Monday, September 8, 2008

What Would a Unicorn Do?

On Got Medieval, there was a 'contest' back in July to see what seven words readers would come up with to describe the Middle Ages. The origin of the idea, which is described here, was a disheartening day in class when the new crop of students was asked to free-associate their way to a picture of the era. They came up with 'knights, knights, knights,' 'other knights,' and 'things about knights,' basically, and the writer of the blog uses the story on social occasions to set others at ease when they start to apologize, upon hearing his profession, for their lack of knowledge about Ye Olde Medieval Tymes.

I don't think it's particularly odd that nobody here knows anything about the Middle Ages, because I would imagine most people at cocktail parties would be equally hard pressed to come up with much about the Renaissance, or the Enlightenment. (...Uh, Luther, yeah, Martin Luther!, em, art! there was lots and lots of art! The Crusades! no, em, no, those big skirts with the hoops in them? no, wait.) I may sound more generally pessimistic than is warranted, perhaps, but I will give him this: I do think the Middle Ages probably are a more complete void in most people's understanding of history than are other periods. Before reading his account, though, I hadn't really thought about how thoroughly jousting, heraldry, and ladies-in-waiting with long pointy hats encapsulated the era for most.

The lazy explanation is that it's down to The Media, since any film set in that time tends to have Chain Mail in the leading role, with horses, maidens, and scrofulous serfs filling in the gaps. But if after watching Le Weekend I don't feel I have a complete understanding of 20th-century French history, is that really Godard's fault?
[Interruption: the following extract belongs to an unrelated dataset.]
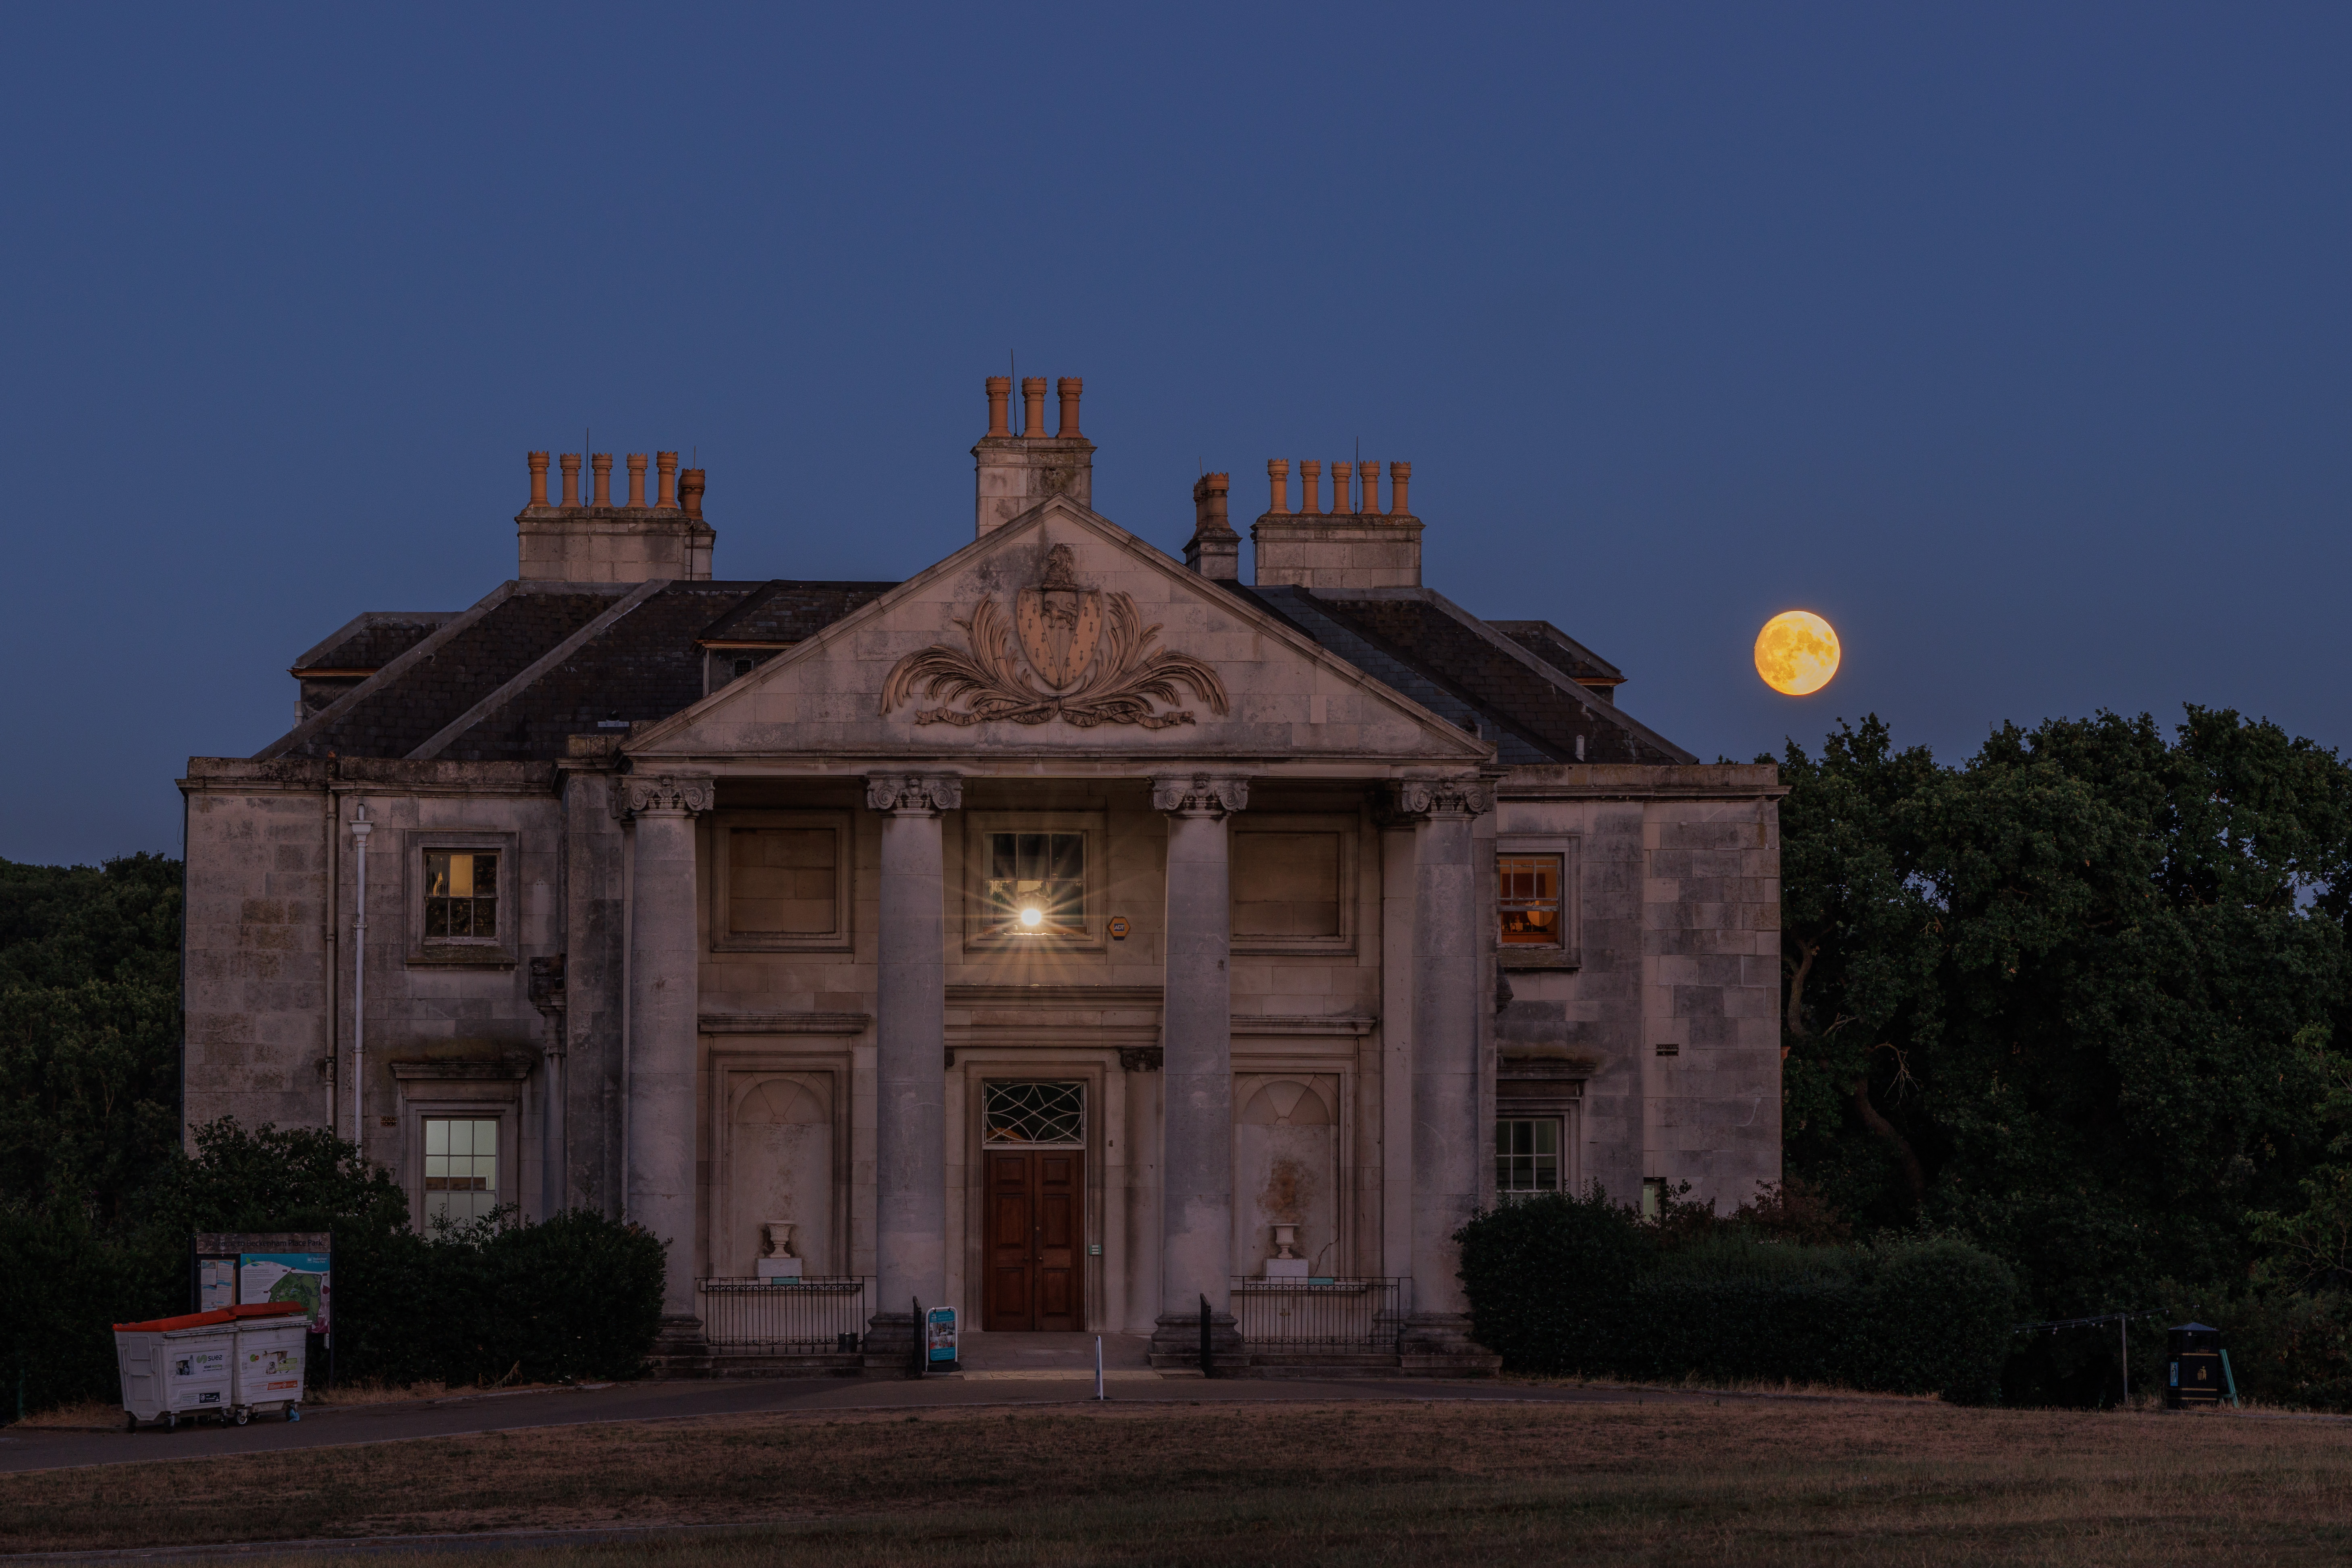 Moonrise Dynamic Range Canon EOS R10 sample image, A manor at night with the full moon.

Still, the reality is that most Americans think that, like, nothing happened in Western civ for ten centuries or so. Other than the Black Plague and jousting, that is. Plato or somebody died, and then everyone went to sleep - in really dirty clothes - until da Vinci, or maybe Martin Luther woke them up. (At which time, of course, they then wore hoop skirts and codpieces and really ugly hats with buckles on them and everyone had syphilis.)
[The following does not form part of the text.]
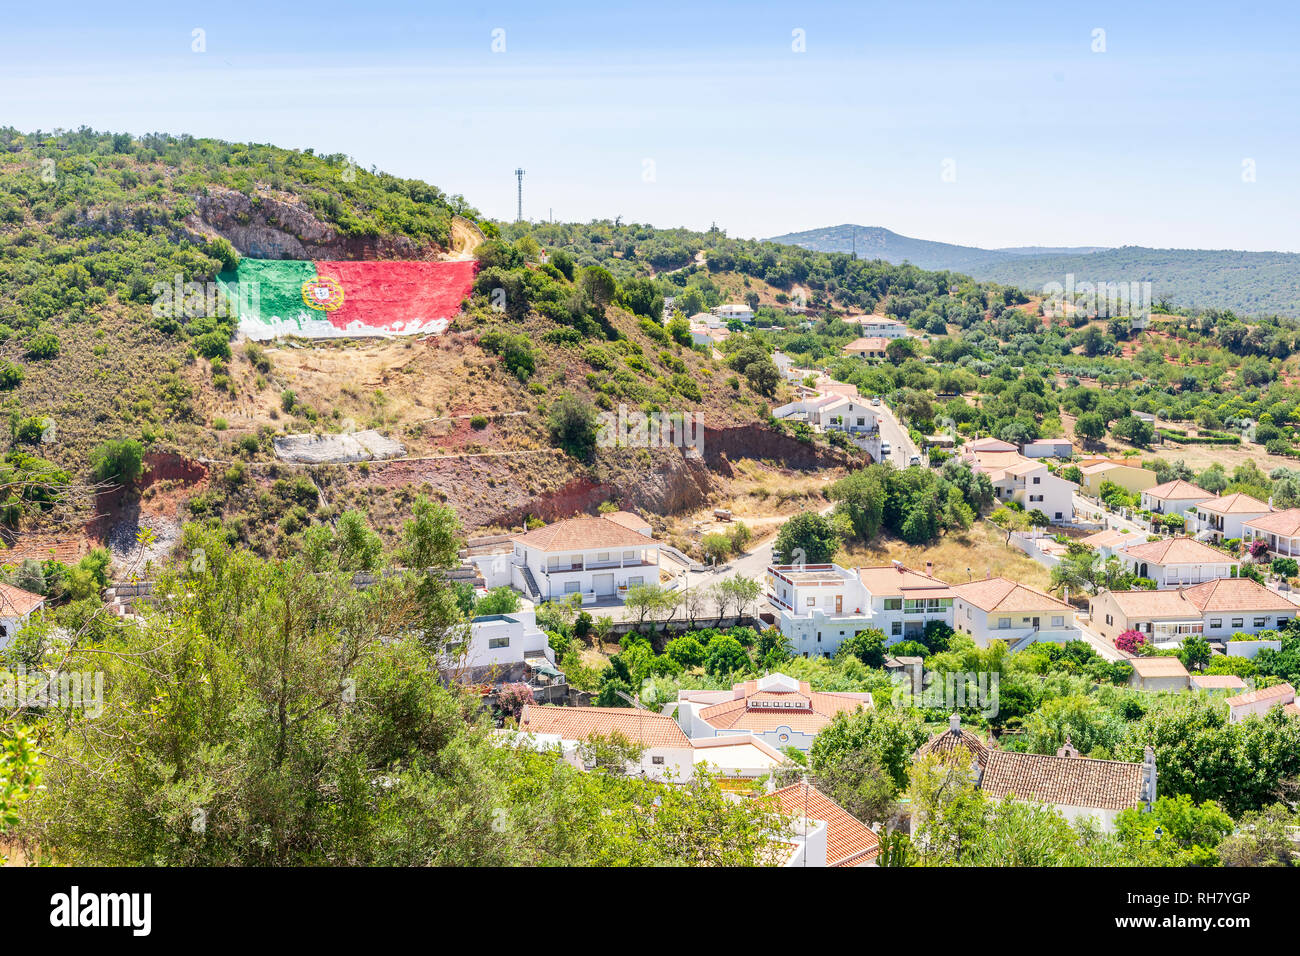 Picturesque Alte cityscape, little town located in hills of Algarve, Portugal Stock Photo

But, although the whole thing makes me sad, as does the idea that his (very hilarious) blog gets lots of hits from people looking for sexy chainmail pictures, I like to think of what my list would be, and it was fun to read other lists, because it shows how unique our own perspectives or prejudices are. I would probably put:
-neo-Platonism
-monasticism/orders
-Norman Conquest
-Sacking of Constantinople
-East/West
-books
-The Church

There's repetition, and there's no form of 'music,' or 'law' or even 'Law,' but I think if you take what themes I do have, you end up with those anyway, and much more besides. I suppose you could just say 'The Church' and come up with my whole list incidentally, not to mention unicorns and guys in chainmail, but with a book-banning vice-presidential candidate, I can only muster so much self-loathing.

2 comments:

Got Medieval said...

Easy. A unicorn would probably stab an elephant with its horn.

Vifargent said...

Well, I will bow to your considerably greater expertise on matters unicornian and marginalian, but my first guess would have been 'poop rainbows.'

I stand corrected- evil, conniving virgins notwithstanding.